PROBLEM TO SOLVE => When you find the line with "Rocco, a student" among the records below, reproduce it and each line after it exactly, ending with the line with "Healthy & Delicious".

INFORMATION GIVEN =>
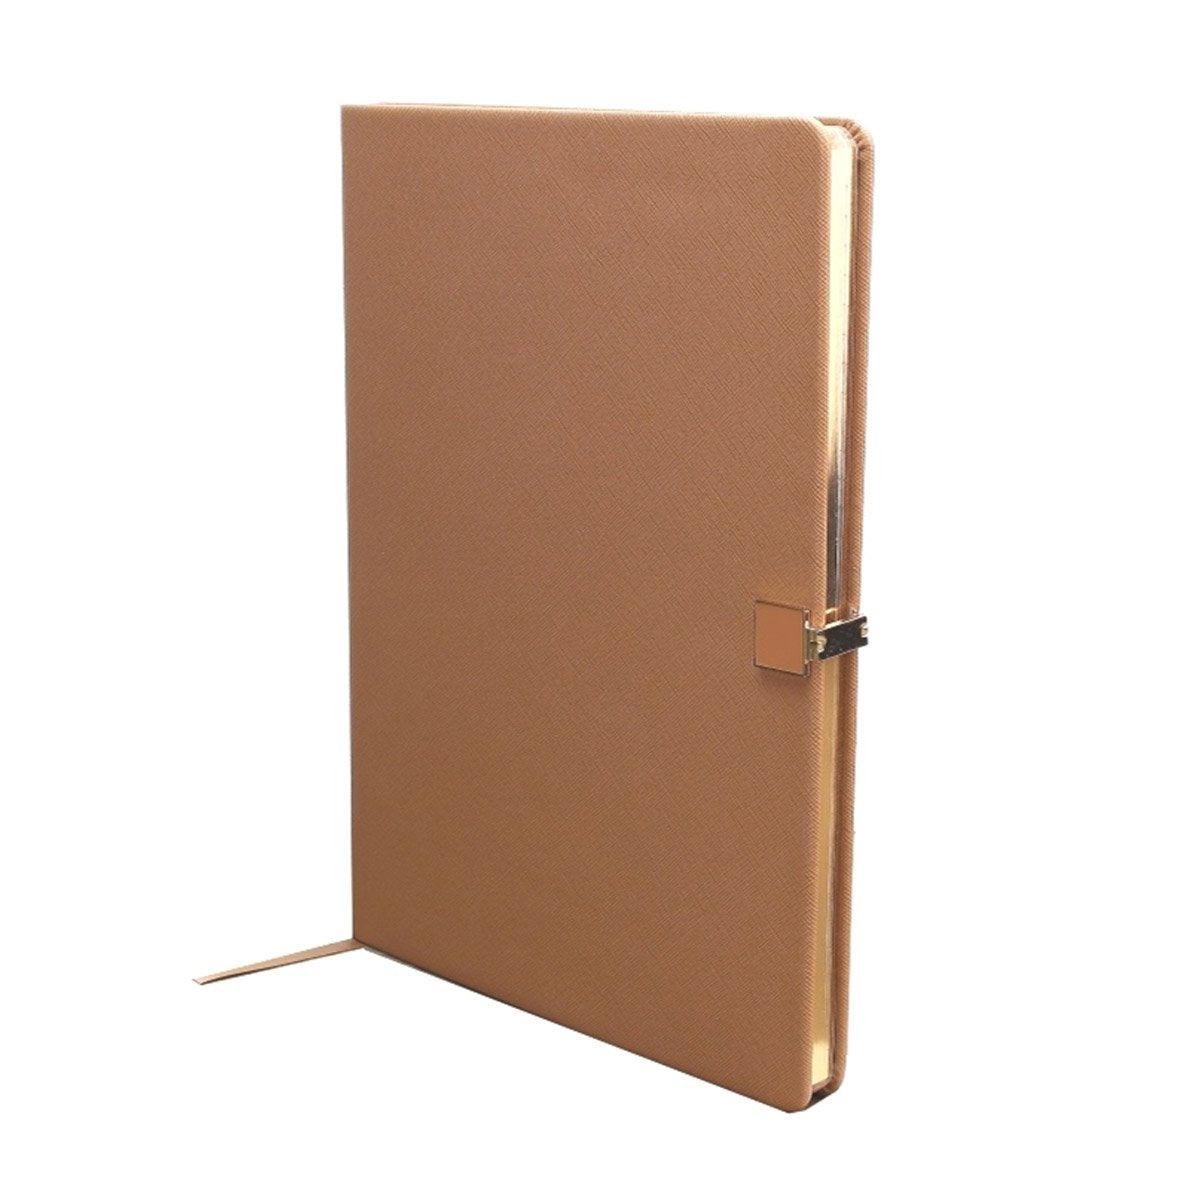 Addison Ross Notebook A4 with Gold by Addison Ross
---
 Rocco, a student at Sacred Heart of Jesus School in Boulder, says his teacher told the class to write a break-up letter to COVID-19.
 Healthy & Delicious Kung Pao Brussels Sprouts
* * *
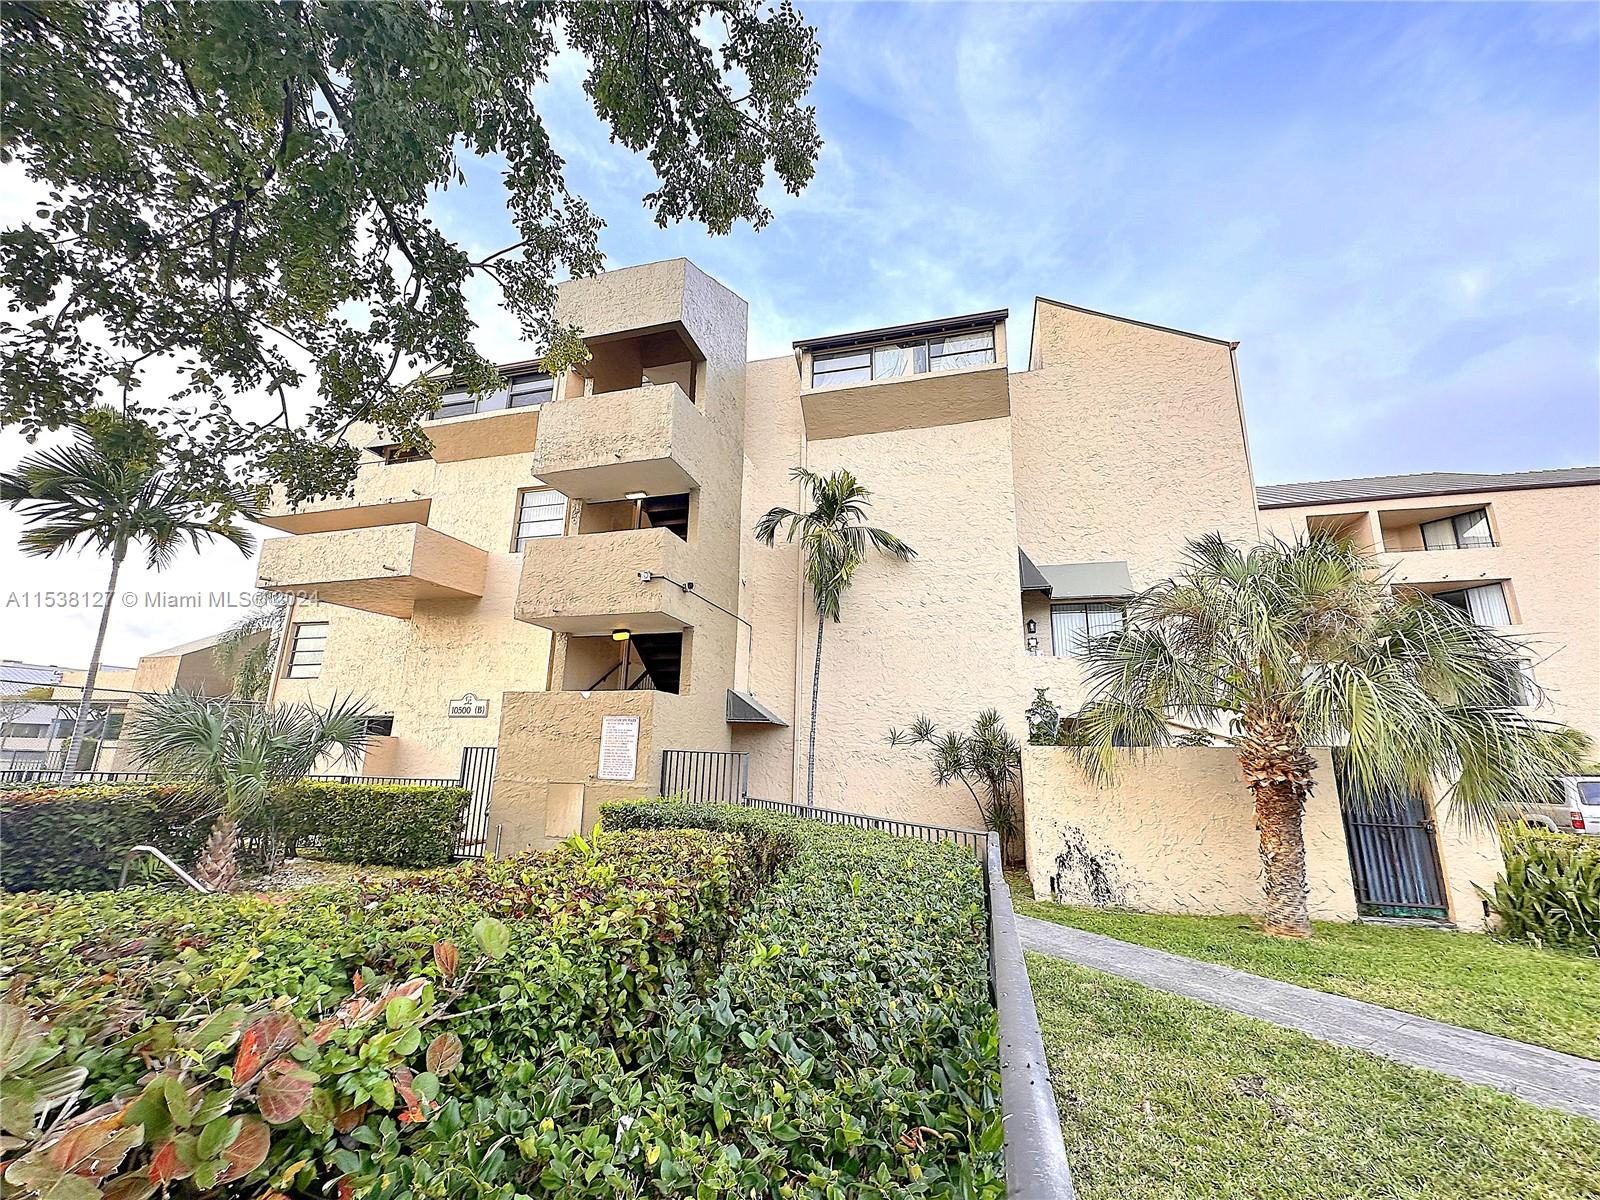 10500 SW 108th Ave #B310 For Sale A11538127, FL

SOLUTION TO THIS TASK =>
 Rocco, a student at Sacred Heart of Jesus School in Boulder, says his teacher told the class to write a break-up letter to COVID-19.
 Healthy & Delicious Kung Pao Brussels Sprouts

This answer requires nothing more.